There have been times "where we make strides, we have a good visit, we agree to cooperate on certain things, and then there will be a hiccup that will cause there to be a suspension" in military-to-military relations, Morrell said.

Among the ways the nations will now work more closely together is in the search for people missing in action, and China has agreed to search for the remains of US servicemen who perished when a US bomber crashed nearly 60 years ago, according to Xinhua.

The effort to find missing servicemen is deeply symbolic for both militaries.

"We are extremely appreciative of the assistance of the Chinese government" in helping resolve the cases of US servicemen missing in action, State Department spokesman Ian Kelly said on Tuesday.

The US says more than 8,100 of its Korean War servicemen are unaccounted for.

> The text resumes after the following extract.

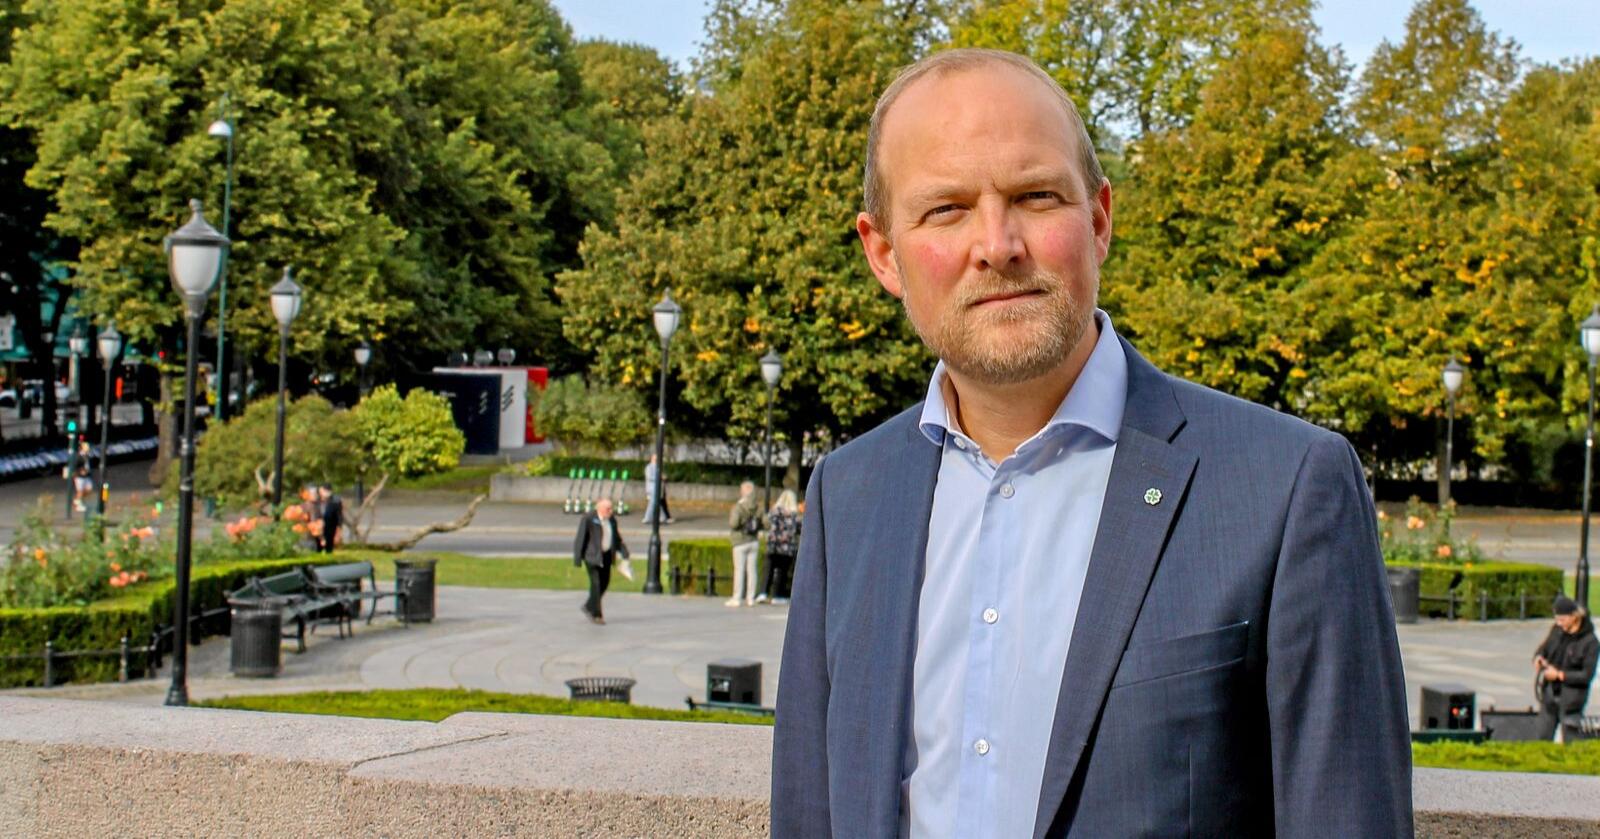 Stortingsrepresentant Ole André Myhrvold (Østfold Sp) ønsker at regjeringen skal komme på banen i den tøffe situasjonen til Norske Skog. Foto: Eskild Johansen

The agreement to look for missing military personnel may also underscore China's objections to US air and sea surveillance missions off its coast, said David Zweig, director of the Center on China's Transnational Relations at the Hong Kong University of Science and Technology. "It shows a willingness to work with the US to resolve painful long-term memories of lost Americans, but also that the US is still doing this in the region."

Since China's agreement last year to comb its military records, more than 100 documents have been found that relate to missing US servicemen.

The work of the PLA researchers "is a testimony to the great value that the Chinese military personnel place on China-US military-to-military relations," Xu Caihou said on Monday.